# Player moving to San Diego and looking for a new group



## goonforhire (Aug 9, 2004)

Hi there, I'm moving down to San Diego at the end of September and I'd like to find a group to join. I'm 23 can drive to the games and am open to play anything, although I own books for D&D, Vampire, Werewolf, Mage, Shadowrun, The Wheel of Time. and Battle Tech. You can leave a post here or e-mail me at Goonforhire@comcast.net 

Thanks,

Ed


----------



## Chulainn (Aug 9, 2004)

you may want to check out this:

Good SD roleplaying site 

There is also a Players/Games Wanted section.

Welcome to SD also


----------



## goonforhire (Aug 11, 2004)

Thanks for the link Chulainn


----------



## Sholari (Aug 24, 2004)

A couple more resources for games in San Diego...

games.groups.yahoo.com/group/SDDND/
www.terrorlake.com/greyhawk
www.terrorlake.com/rpg


----------



## Drowbane (Aug 26, 2004)

*Odd...*

Greetings, 

I just thought I'd chime in... as I to shall soon be moving to SD.  If nothing else, we can always start a group.


----------



## goonforhire (Aug 26, 2004)

Hey that's for the extra links. Perhaps they'll give me something new to go with.


----------



## goonforhire (Aug 26, 2004)

I'm all for teaming up with you Drowbane. You can E-mail me at Goonforhire@comcast.net and we'll take it from there. Hope your move goes smoother than mine.


----------



## Drowbane (Oct 5, 2004)

Hiyas Goon, I'm in SD now.  My e-mail is down, see you in EN Chat?


----------



## goonforhire (Oct 26, 2004)

Hey Drowbane, I just got my internet back up and running the other day myself. My e-mail account is now Waylander@earthlink.net my AIM SN is still EAHanson2000, I'm never on EN-world chat so you'll have better luck IMing me or droping me a note. Look forward to talking to you soon.


----------



## Urbanmech (Oct 27, 2004)

Hey folks, I'm also going to be relocating to San Diego in the near future.  If you need an extra to make a group maybe we could work something out.


----------



## Haffrung Helleyes (Nov 13, 2004)

*San Diego Game*

Hey,

I'm going to start running a D&D 3.5 in downtown San Diego soon (within the next few weeks).  Drop me a note at k e n m t r a v e l l e r at yahoo dot com
(obfuscated to avoid spam) if you're interested in joining.

We'd be playing at Sundays, starting around 1pm, for 6-8 hours a session.  I currently have 4 players and am looking for two more.  We're all in our 30s.  I will probably run either the Dungeon Magazine adventure path series, although there is a small chance I will find time to detail something of my own.

Ken


----------



## goonforhire (Nov 20, 2004)

*Thanks for the offer Ken*

Hey thanks for the offer to join but I joined a group that plays on sundays from 5-9 so I'm afraid I can do it. If you run a game during the week some time I'd be more than happy to join, as long as games are run at night since I work in the field of paid muscle.


----------



## velm (Nov 20, 2004)

I was in SD for 2 years, and could not find a soul who gamed.  Just me and a buddy.  I tried to contact a few people here, got A response once.  Now, that I am gone from SD, people are popping up out of the woodwork, what gives?!?!?! 

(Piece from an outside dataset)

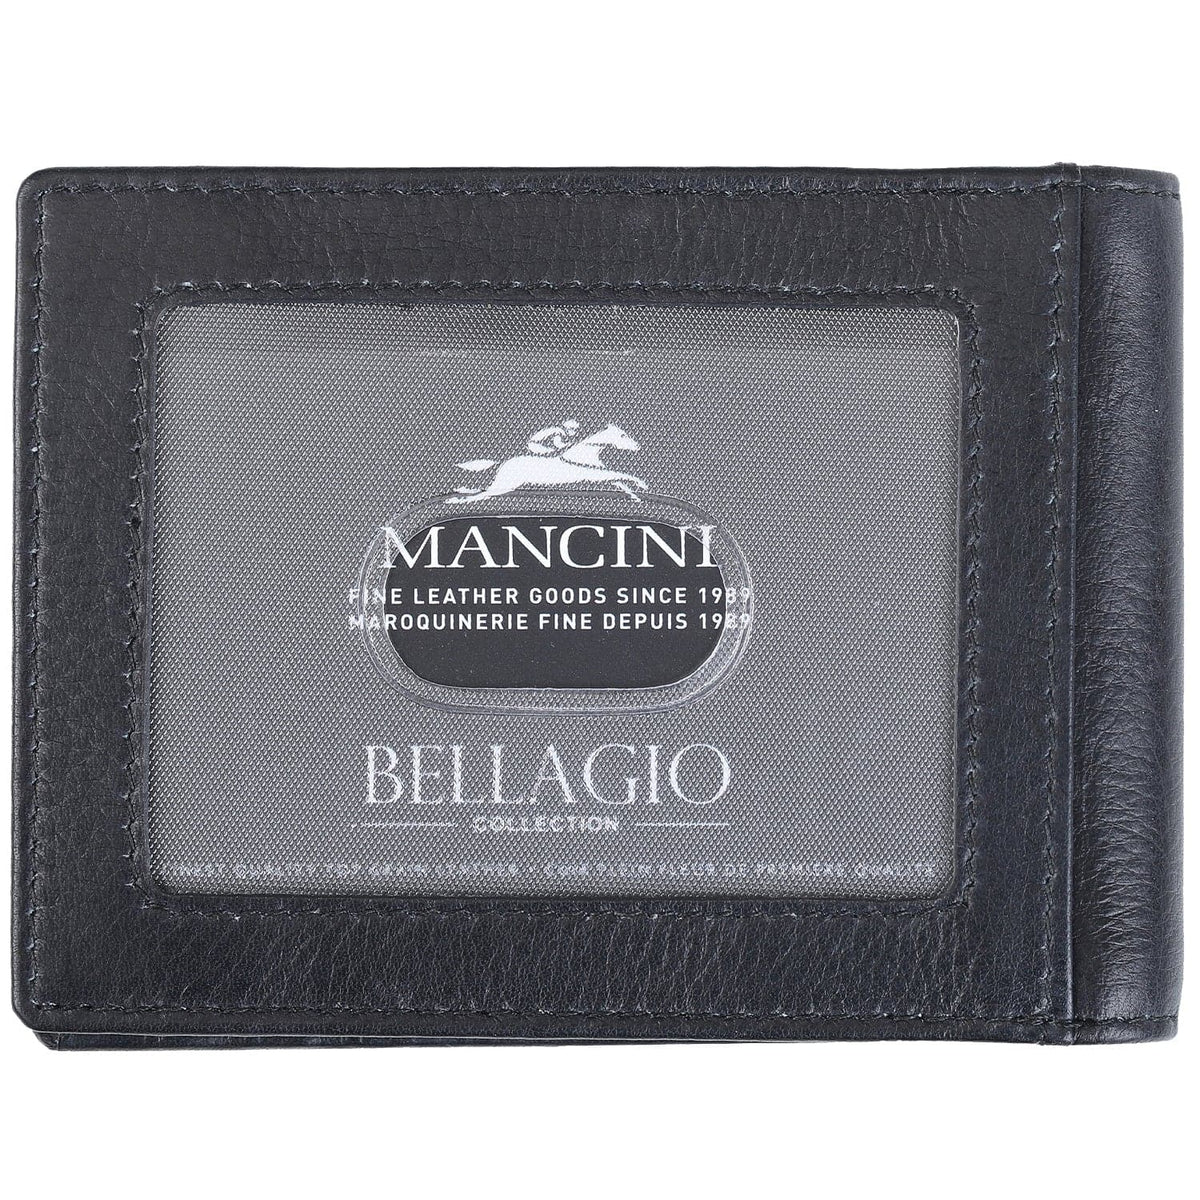 Mancini Bellagio RFID Deluxe Magnetic Bill Clip

(oh, wait, I fogot about that group that lived 30 minutes away from his place that we gamed at once.  Hmmm, what was it, ah, yes, a group of UBER characters, half-demons, and where everyone had a special power it seemed like.  and there were 8 people at least and the four of us at the far end of the table just about decided to do a side adventure because the one we were in was stupid.  At one point we were walking, or so we thought in the woods, then suddenly a dust storm in the distance could be seen, (hmmm, i thought we were in the woods?) we were confused by this 'cloud of dust' that is when the dm told us we were walking on a dirt road and the cloud of dust was in the distance.  Then without warning the 'cloud of dust' turned out to be riders who were suddenly 'right in front of us'.  YEah, that was the first and last time we played there.)


----------